🤖 AI Summary
To address the challenges of training vision-language models under low-resource conditions and inefficient multimodal information fusion, this paper proposes a lightweight decoder architecture. The core innovation is a token-level dynamic gating mechanism that automatically learns modality selection strategies without explicit supervision: content words prefer visual cues, while function words rely on linguistic cues—ensuring both interpretability and flexibility. Additionally, the method integrates feature modulation, channel-wise attention, and auxiliary contrastive learning to enhance representation quality. Under strict constraints of limited data and computational resources, the proposed approach achieves performance comparable to or surpassing state-of-the-art baselines across five mainstream multimodal benchmark tasks—including VQA, image captioning, and cross-modal retrieval—demonstrating its efficiency, generalizability, and practical applicability in resource-constrained settings.
📝 Abstract
Training vision-language models on cognitively-plausible amounts of data requires rethinking how models integrate multimodal information.

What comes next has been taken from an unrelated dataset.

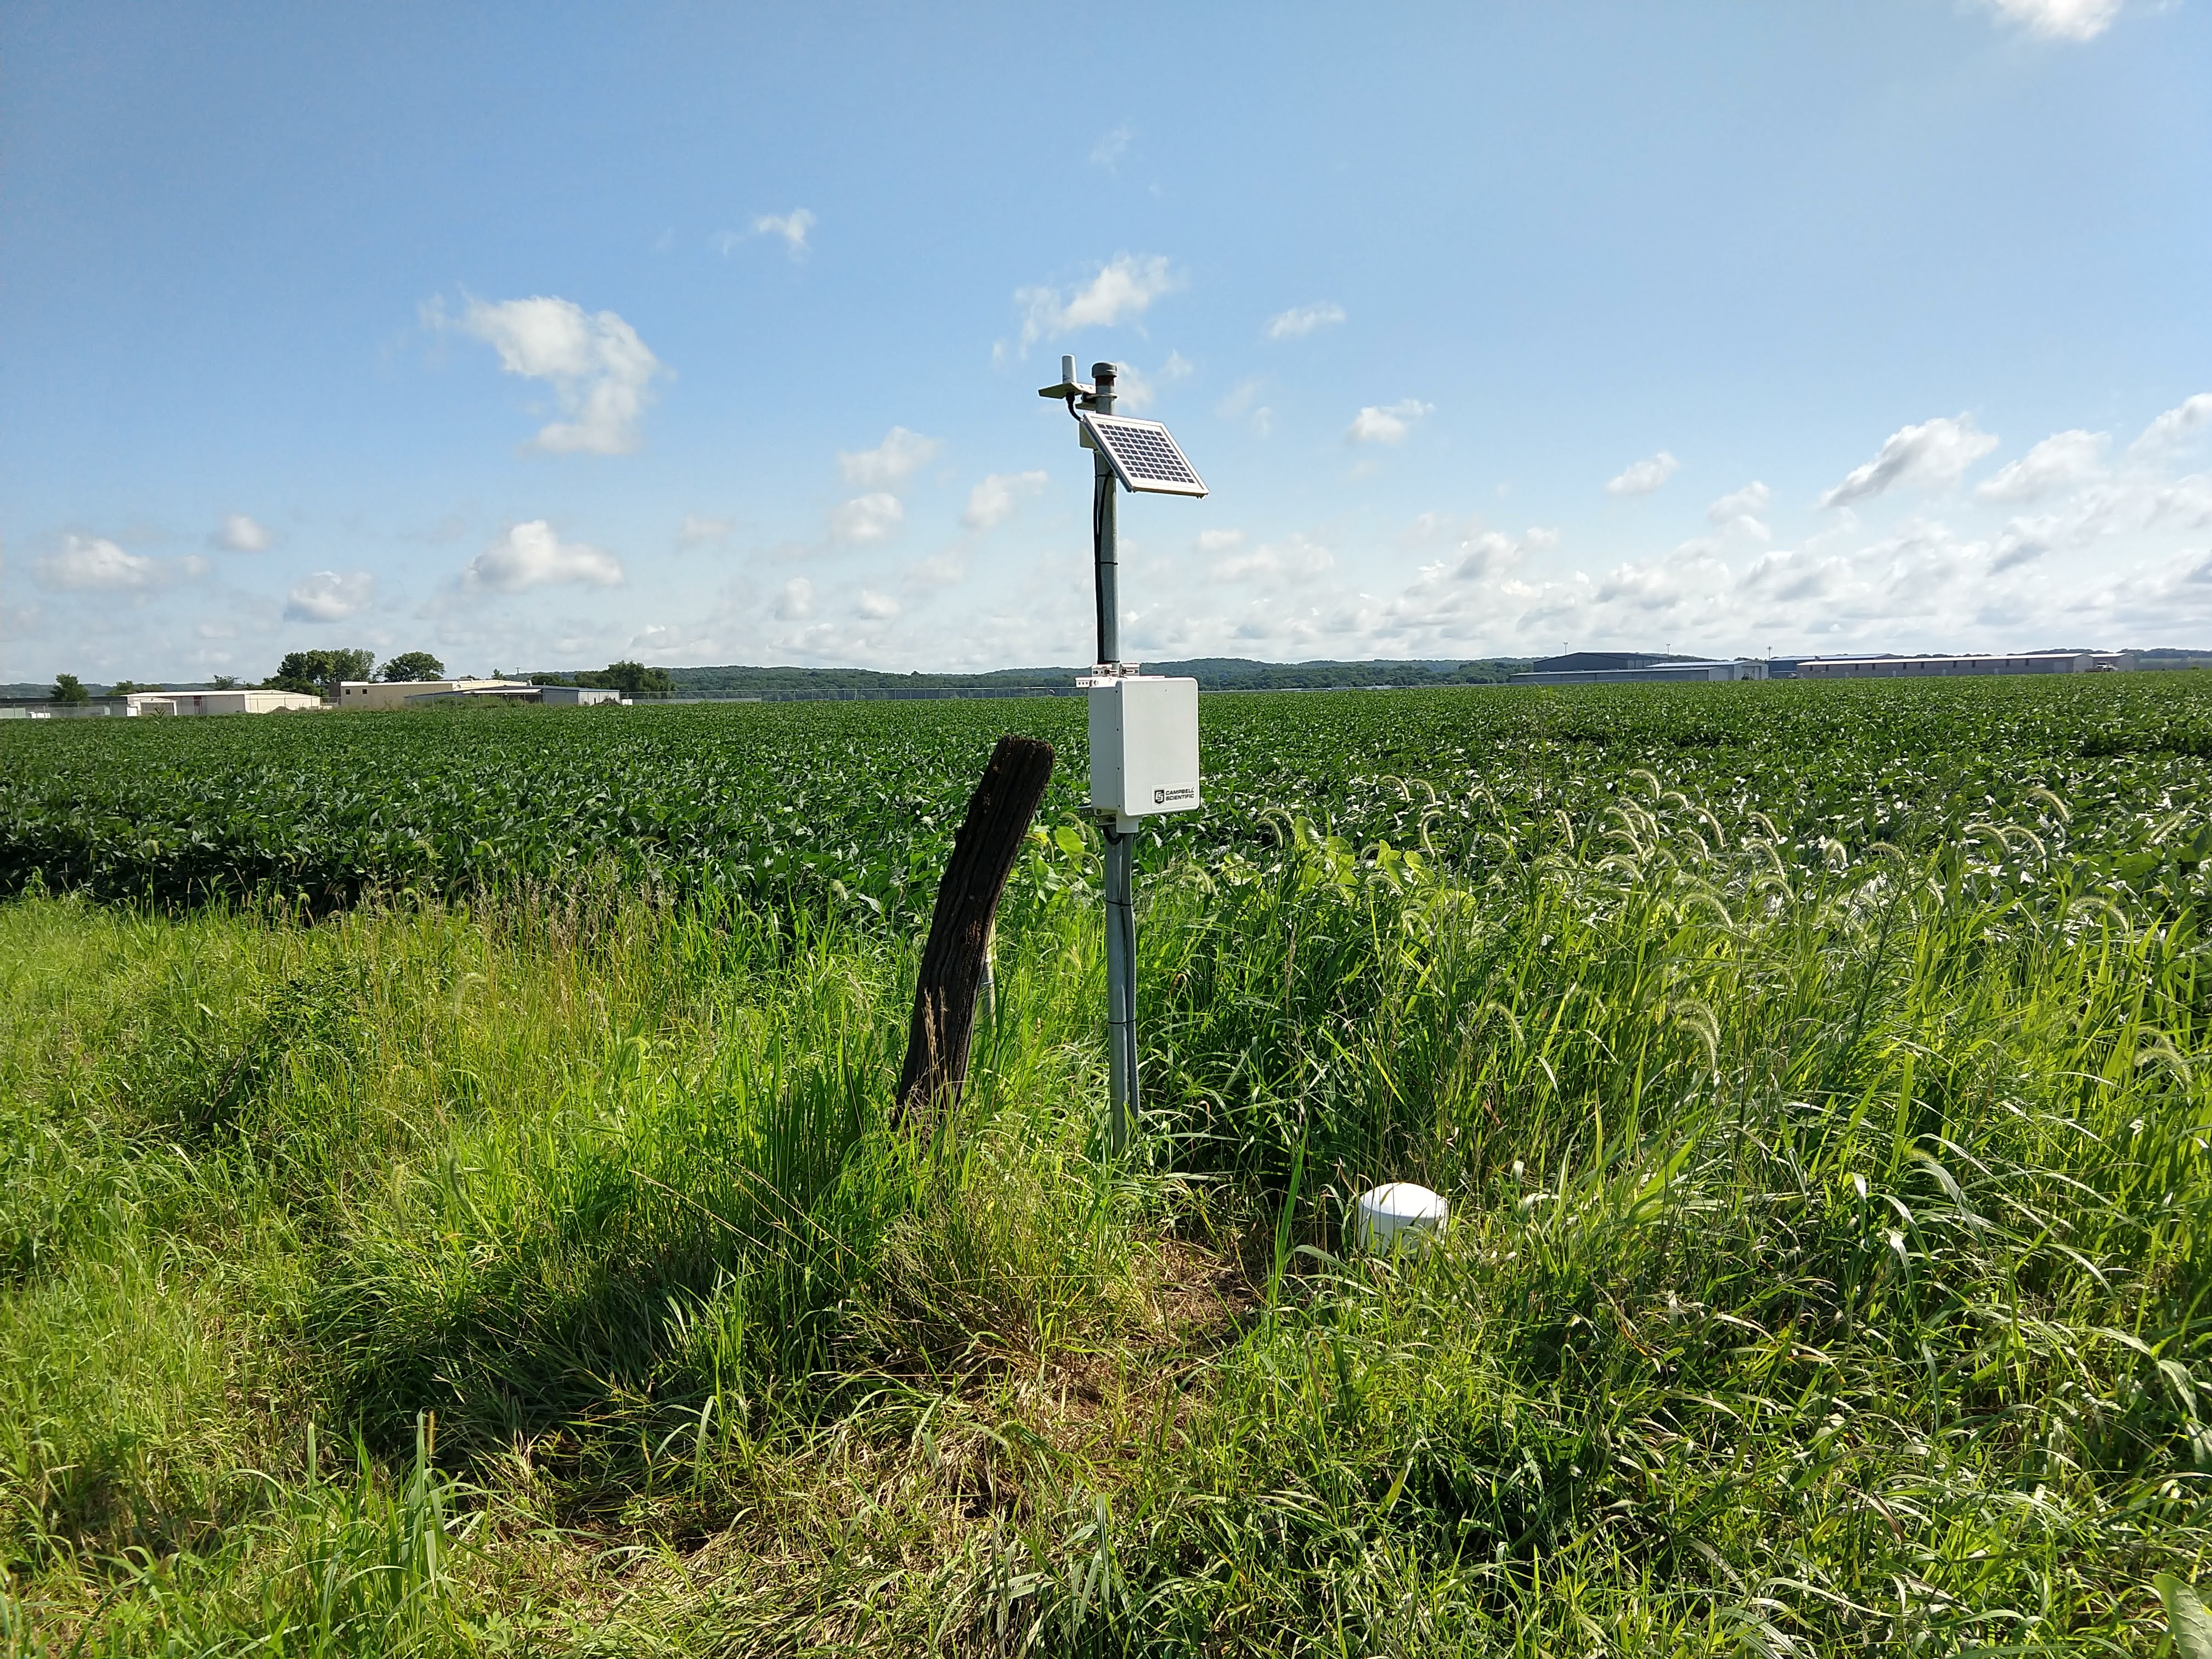 groundwater monitoring well near an agricultural field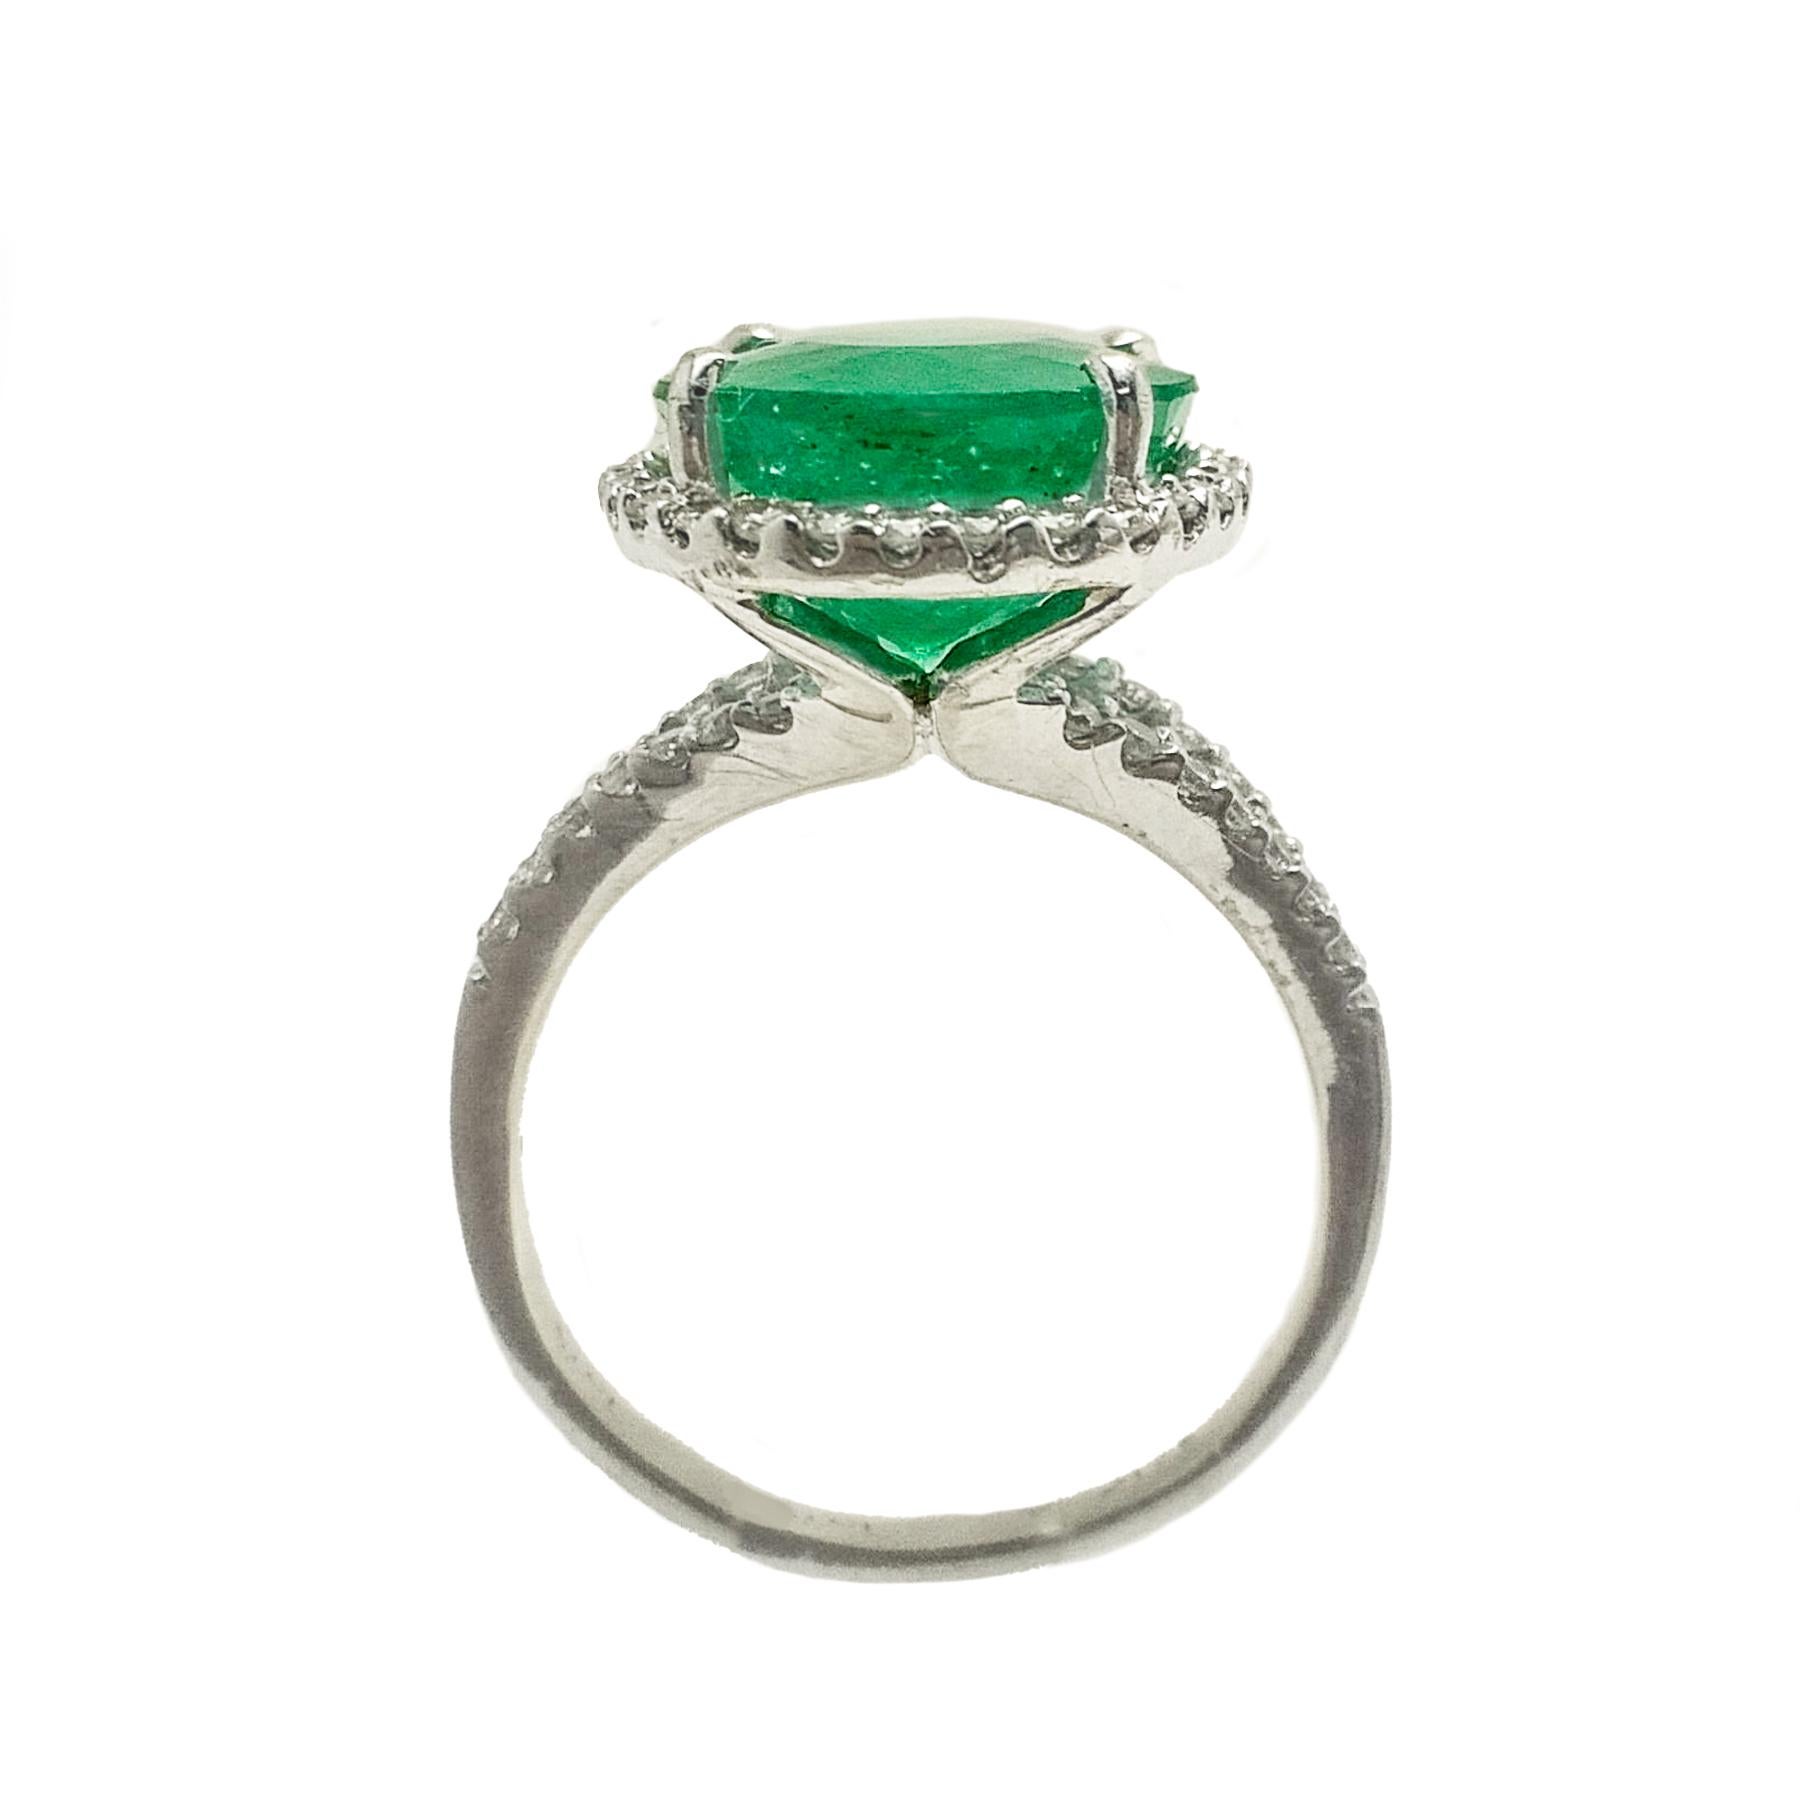 Glamorous emerald diamond ring. Handcrafted green, oval faceted natural emerald encased in open mounting with four round head prongs, accented with round brilliant cut diamond. Beautiful high polished cocktail ring set in 14 karat white gold.

Within the constraints of the Vision track for the BabyLM Challenge 2025, we propose a lightweight decoder-based architecture with (1) token-wise dynamic gating for adaptive fusion of linguistic and visual cues, (2) feature modulation and channel attention to maximise the utility of limited visual information and (3) auxiliary contrastive objectives for visual grounding. Evaluation on five benchmarks (BLiMP, BLiMP Supplement, EWoK, Winoground and VQA) shows competitive or superior performance to multimodal baselines. More notably, our dynamic gate discovers interpretable patterns without explicit supervision, favouring visual cues for content words and linguistic cues for function words. While we identify limitations in the Challenge constraints, such as the information bottleneck created by global image embeddings and training instability from the dataset split, our findings establish dynamic gating as a powerful tool for efficient multimodal learning, offering both interpretability and performance even under severe constraints.